South of the Arctic and to the east lie the Keewatin Barrens, a sprawling expanse of subarctic prairie and Precambrian rock stretching from eastern Northwest Territories to the Atlantic coast of Nunavut. Populated by enormous aggregations of caribou, mosquitoes, and black flies (and little else!), the Barren Lands are almost completely devoid of human presence.
Far to the west, tucked between the soaring Saint Elias Mountains of the Pacific Coast and the more easterly Selwyn Range, is the Yukon, home of the historic Klondike. Replete with snow-capped mountains, taiga-covered hills, emerald lakes, and the great Yukon River, this land of gold is as beautiful as it is unforgiving.
And in the midst of the Canadian North, along the western edge of the Northwest Territories, between Yukon and Keewatin and south of the Arctic, lies the Mackenzie country. This fourth and final Northern region- the region in which the aforementioned legends are set- comprises the watershed of the mighty Mackenzie River, an immense northward-flowing watercourse which owes its name to the Scottish explorer who first paddled its length in 1789. A rugged, mountainous territory carpeted with boreal forest and interspersed with muskeg-bottomed lowland, the Mackenzie drainage basin consists of two massive lakes and five major tributaries: the Liard, Keele, Arctic Red, Peel, and Great Bear Rivers.
If you travel west up the Liard River from its confluence with the Mackenzie, past the little village of Fort Simpson and over the Beaverdam Rapids, youll come to a lonely spruce-covered mountain called Nahanni Butte. At its foot, the Liard River is greeted by its main tributary, the South Nahanni River.

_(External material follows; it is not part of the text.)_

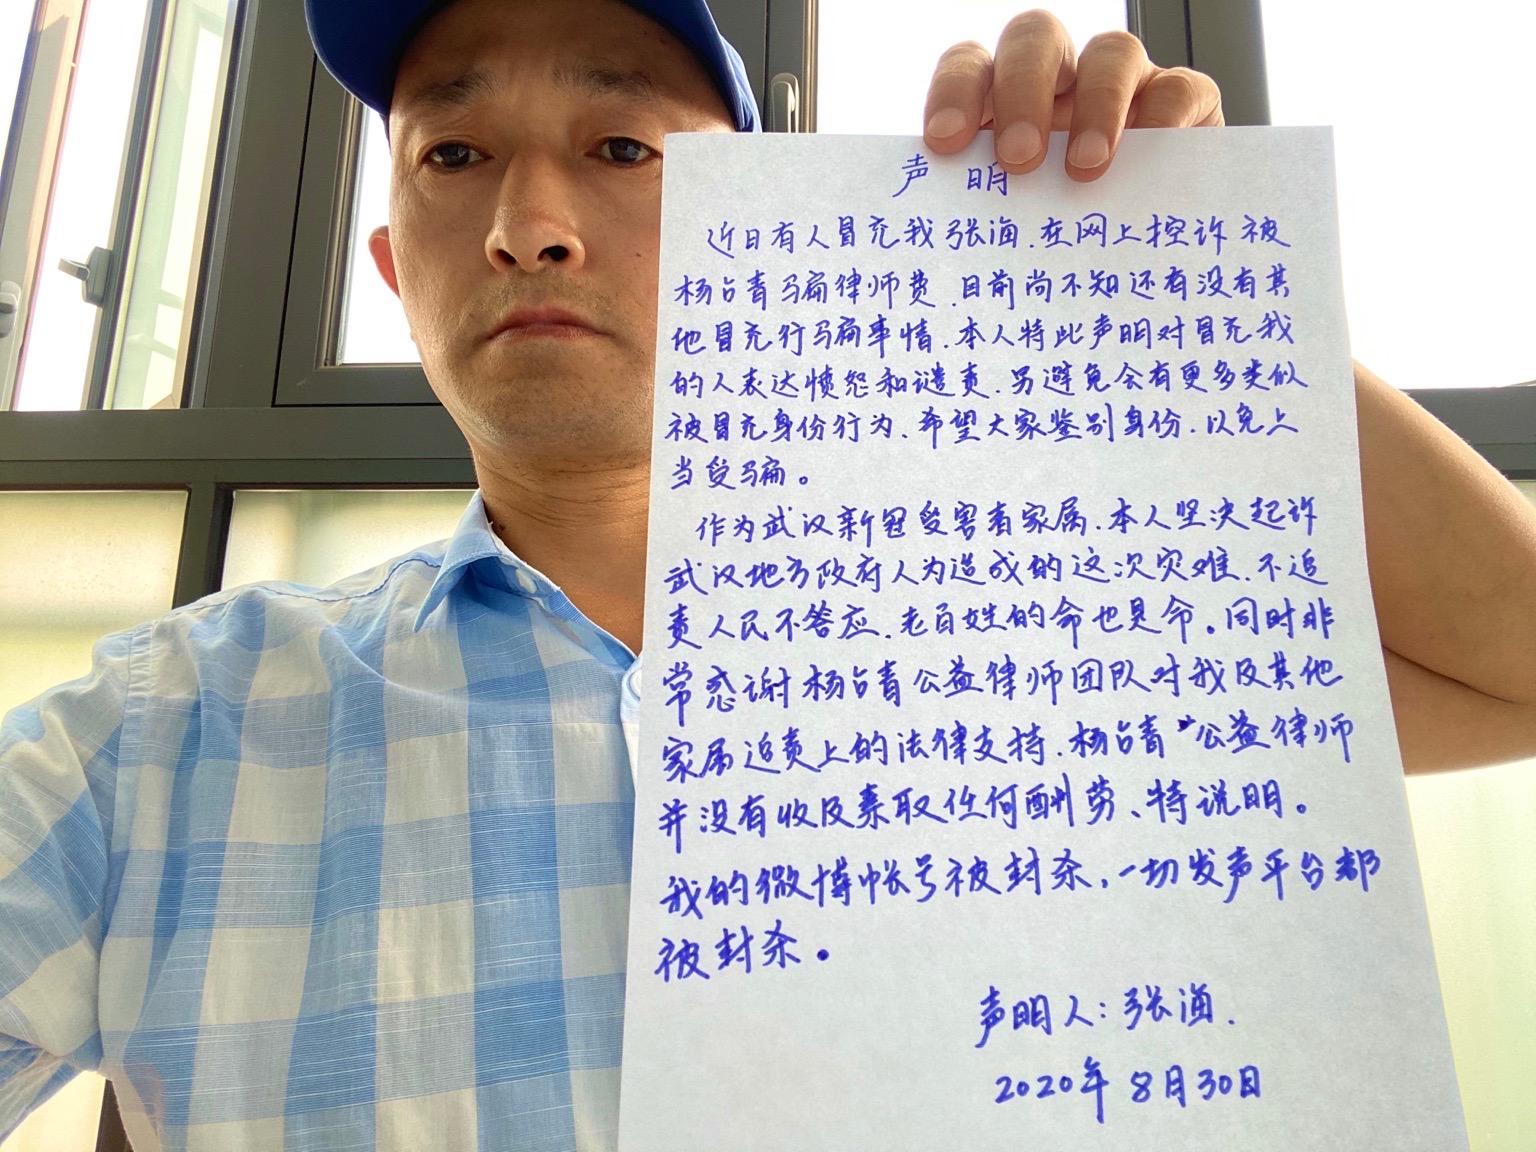 2020年8月30日,武漢中共病毒受害者家屬張海公開發表聲明譴責惡意冒充自己並詆毀公益人楊佔青的言行。(受訪人提供)

Up the South Nahanni and past the tiny Indian settlement of Nahanni Butte, located across the river from the mountain after which it was named, lies a section of river known as the Splits. This deadly labyrinth of gravelly islands and tangled log jams has claimed the lives of many a canoeist, both native and white, serving as an appropriate gateway to the sinister realm of mystery and menace beyond.